Breaking Barriers: The Best of AI Research in 2023
Lidia Opuchlik
12/25/202311 min read


This is a summary of the State of AI Report 2023 (which is another great summary). To make it simple, the article is written in the form of bullet points. It's a much shorter version than the original 162-slide long report. Some concepts are simplified. This is my interpretation of the original report, so some mistakes can drop in. If anything seems unclear, go to the original work here.
A few points about this year's report:
Some new contributors: Nathan Benaich (old) and Air Street Capital team (2 more people)
The State of AI Report is now in its sixth year
The report should be treated as a compilation of the most interesting things (for the authors - a subjective judgment)
It covers fields like research, industry, politics, safety, and predictions and describes the most important insights in each of them
Research
technology breakthroughs
These are subjective, according to my judgment, the most interesting insights from research:
introduction of GPT-4
by OpenAI
better than any human (in specific tasks)
better than other LLMs
multimodal (GPT-3 was text-only)
trained on text and images
slightly over 8k tokens of input size available for the user (in the beginning)
reported that it was trained on 13 trillion tokens
trained using RLHF (reinforcement learning from human feedback - - RLHF requires hiring humans to evaluate and rank model outputs, and then models their preferences. This makes this technique hard, expensive, and biased)
passed SAT, GRE, Uniform Bar exam (law), LeetCode questions, medical exams etc. with high scores
- paid
- suffers from hallucinations
- no technical report, documentation - technical details withheld from external publication (Meta revealed the model weights and details for not open-source LLaMa-1) <-- research this more before publishing cause from the report the actual state who did what and when and why was unclear
LLaMa-2 model
July '23 - the release of a commercially useable model - almost anyone can use it commercially
similar to LLaMa-1 but further fine-tuned using instruction tuning and RLHF
optimized for dialogue-like conversations
corpus for pre-training - 2 trillion tokens
fine - tunned on public datasets and also vendor-based (ca. 25k high-quality) annotations
competitive with ChatGPT except for coding
LLaMa - aims to use smaller models with longer context, better datasets
LLMs and diffusion models help in molecular biology and drug discovery
multimodality is hype - connecting text, vision, code, robotics together, etc.

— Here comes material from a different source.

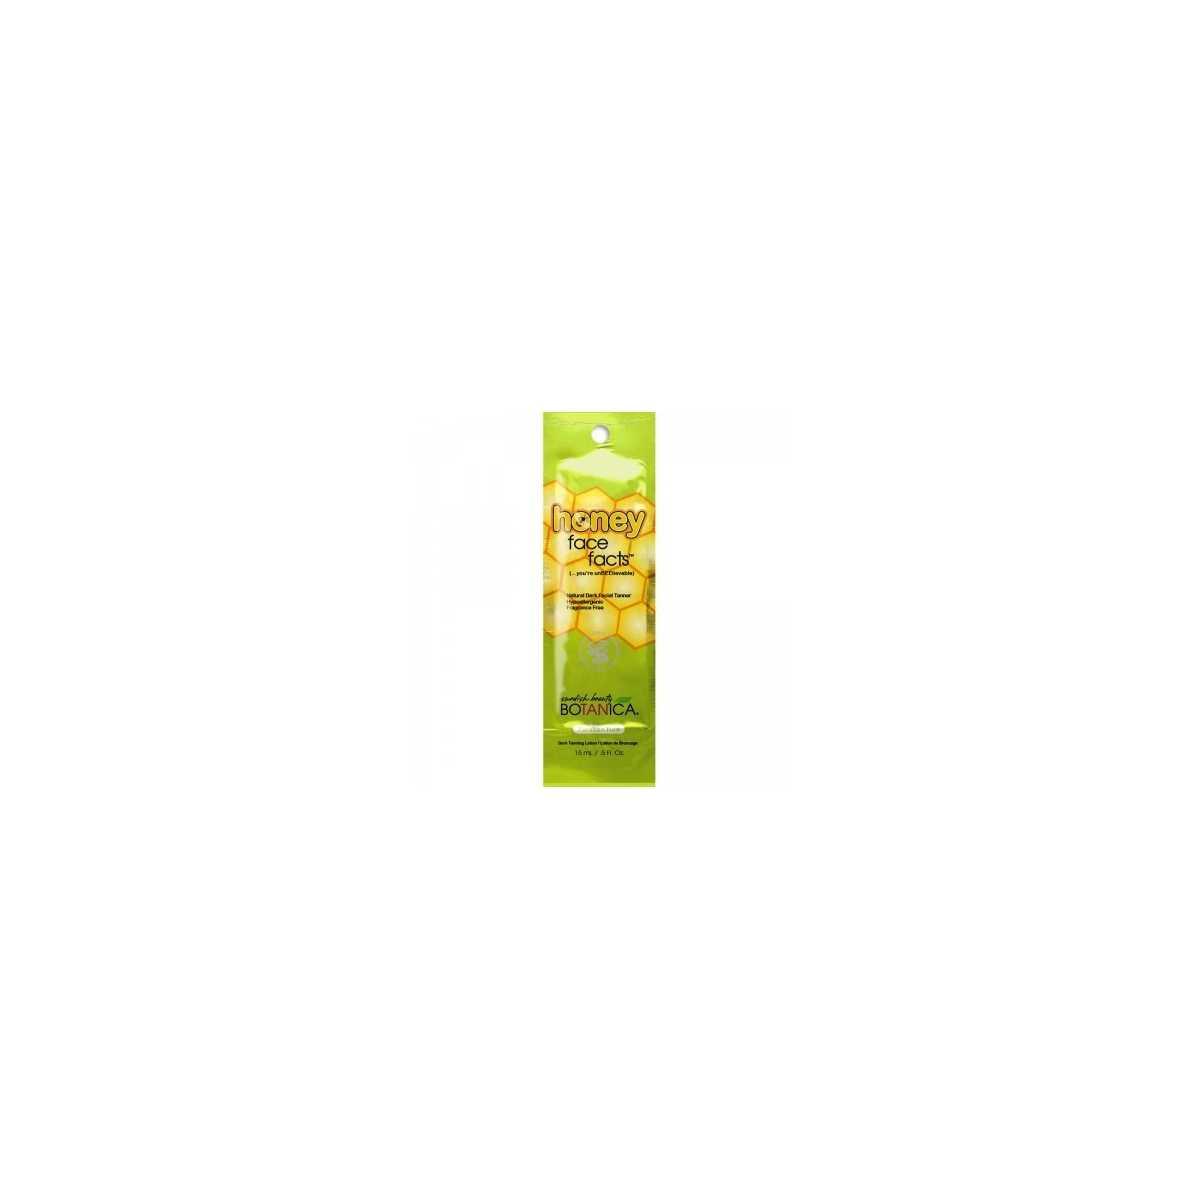 BOTANICA Honey Face Facts 15ml

a huge emphasis is put on how to efficiently train LLM models, how to diminish inputs from humans in the training, lower the cost, speed up, and not lose accuracy <-- numerous companies and universities are working on finding scalable alternatives to RLHF
context length is a very important part of the research - it's one of the factors based on which the models are ranked; some findings:
the longer the context, the worse the performance of the model;
models' performance works better when the relevant info is given in the beginning or at the end of the context but not in the middle
longer context requires higher memory demands, bigger datasets, and changes in the architecture of the model to ensure performance
are we running out of human-generated data?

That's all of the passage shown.